Welcome to the LAB TABLE for EXPERIMENT TIME!!!

I’m writing all of this [flails wildly around] because I want to live at the Table more often: to experience the world's sustaining good, and help make it more accessible to more people. It is not an academic exercise, so it's time to get to work. We’re about to start another trip around the spiral, reviewing the principles/practices identified so far, and it'll be most helpful if we can apply it to work we're actually doing.

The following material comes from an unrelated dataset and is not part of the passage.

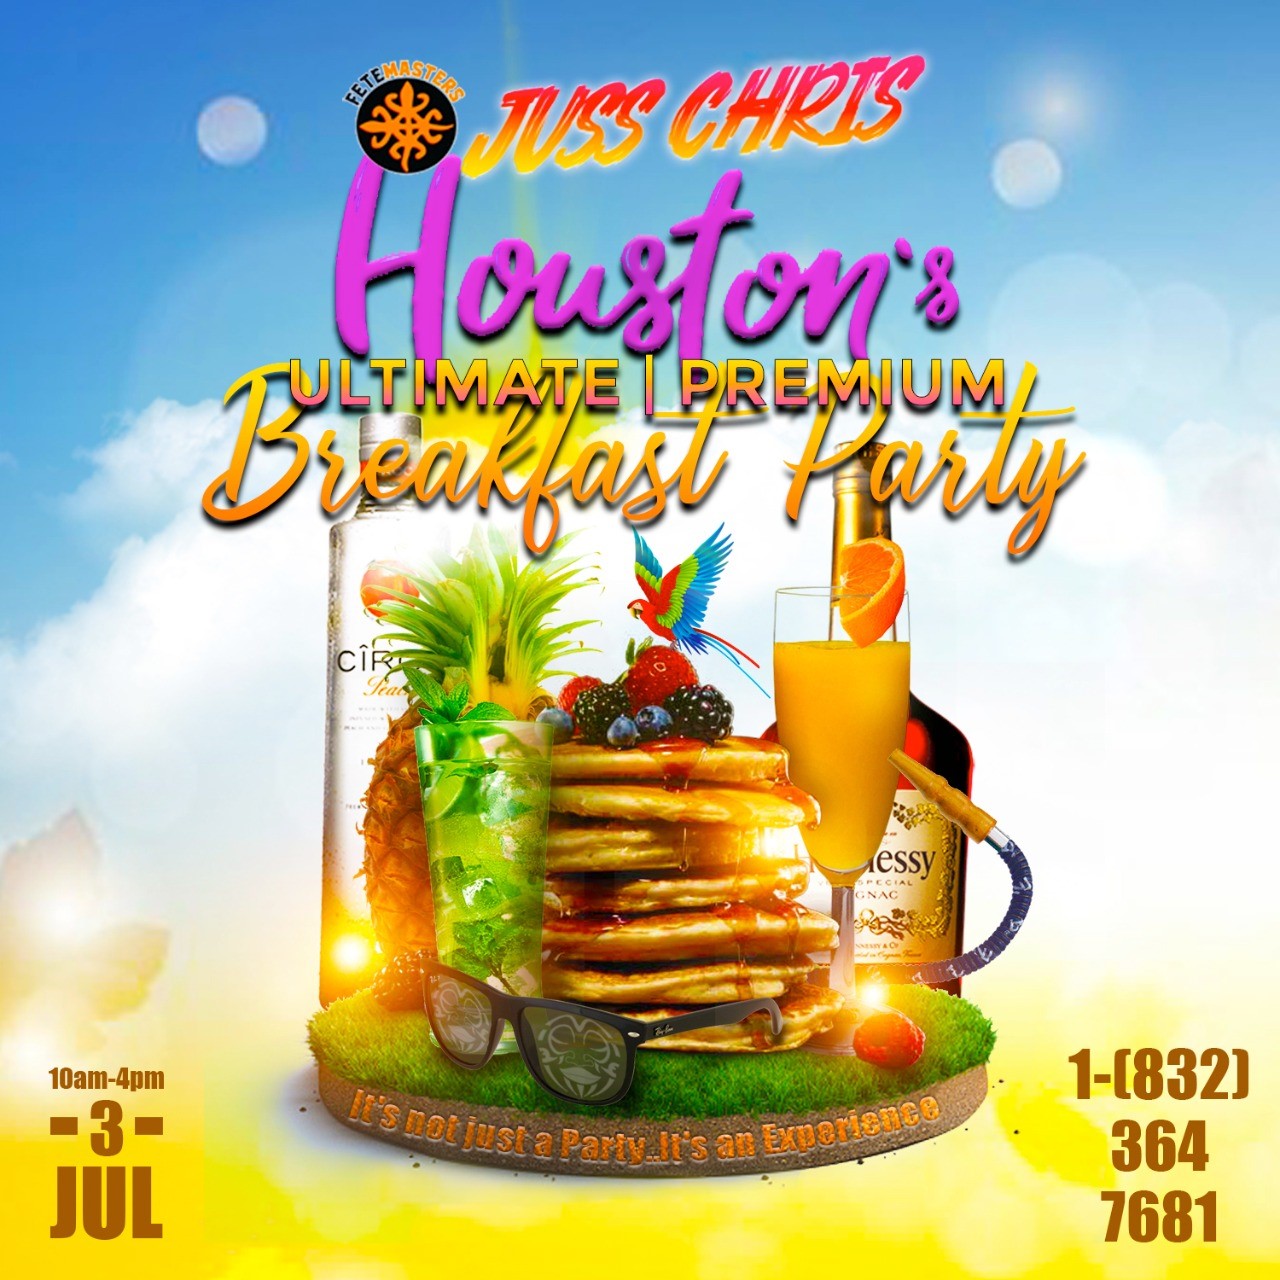 Juss Chris Breakfast Party  on jul. 03, 10:00@Housto - Buy tickets and Get information on www.fetefinders.com tickets.fetefinders.com

So. The challenge. Make a commitment to be of regular, direct service to some of the most marginalized people in your community this fall: people experiencing homelessness or poverty; trying to navigate immigration or the foster-care system; enduring real suffering or neglect.

Why?

Partly, the answer is "because you know you want to." Partly, the answer is "because both Jesus and Bryan Stevenson told us to."

Bryan Stevenson is constantly reminding people to "get proximate." Put yourself, he says, in "the places in your community, the places where you live, the places where you work — where there’s suffering and poverty and inequality. Proximity to difficult spaces will change you. But it’s essential if we are going to change the world. The way you begin to understand the problems of the world is when you get proximate."

How?

Maybe you’re already doing this through your paid work (you’re a nurse/teacher/therapist who’s already working directly in service to your community's most neglected people). Good! You’ll be able to use this trip around the spiral to better serve the people your discipline often most neglects.

If not, or in addition: volunteer. Commit to volunteer on a regular basis this fall. This does not have to be perfect; it does not have to be your forever vocation. It’s a way to start, to experiment, to find the power in getting proximate.

But

Your brain will likely throw up one or more of the following barriers, with which I am intimately familiar. Here are a few ways to think about them. There is NO SHAME HERE, just gentle realism. (If you really can’t currently see a way forward, it’s worth asking why. What do you need in order to make it happen? When can you make the shift?)

  1. I don’t have time
    OK, I think you actually might, because volunteering can be flexible. Act like a high schooler trying to fulfill but omg not exceed her community service hours. For instance, ask the food bank if you can come once a week for an hour, or help serve one meal per month.

    Of course, some endeavors are more time-intensive, but even then there are creative workarounds. My ESL class meets two evenings a week, but I teach only one, while another volunteer teaches the other. A friend joined a team of people providing support to a refugee family; they share the work. Zero of the people reading this can devote ten hours a week to new volunteer work right now. That is OK. This isn’t an all-or-nothing affair. This is just breaking the seal and finding a way to regularly serve people who need support.
  2. I don’t know which organization is best
    This can mean “I don’t know who’s doing work I care about,” in which case it’s truly a matter of Googling/asking around: which org in your area does the kind of work you imagine?

    It can also mean “I haven’t done intensive research to identify my area’s gold-star organization with a perfect Charity Navigator score and soaring effectiveness rates,” in which case it's a little bit who cares? Of course you don’t want to volunteer for a mafia front. But if you’ve seen this org around, or your friends work with it, chances are it’s legit. You can do major assessments later. Unless you are Barack Obama, you don’t need to be particularly choosy: just pick one and go. (If you truly have no leads, sites like Volunteer Match can be helpful, though you need to filter heavily to find ways to be of direct service to the people who need it most.)
  3. I might hate it, and then I’m stuck, and then what?
    You’re not stuck! People stop volunteering all the time, for a host of reasons. “I’d like to try working with you this fall and winter” is pretty clear up front. If it turns out to be a bust, “unfortunately, my schedule changed, so I’ll need to bow out this season and reevaluate next year” is perfectly fine; any volunteer-based organization is set up to deal with it. If you hate it, you stop and find something else. This isn’t marriage; it’s breaking the seal and getting proximate.

Give it a try

Yay! Let's do this together! Find an organization where you can help directly, "proximately" serve the people who are most suffering and neglected in your community.

Here's a sample script for a phone call or email: “Hi, I have a [couple of extra hours per month/some time on Wednesday mornings] this fall and winter, and I’d like to volunteer with your organization. I have some experience in [teaching/law/ writing], but I’m willing to do whatever would be most helpful. Do you have any volunteer opportunities open right now?”

I'm even giving us a timeframe, because sometimes we need that. We'll start the next spiral two weeks from today.

I know some of y'all already have something going. Let us know in the comments what you're up to! Share the inspiration!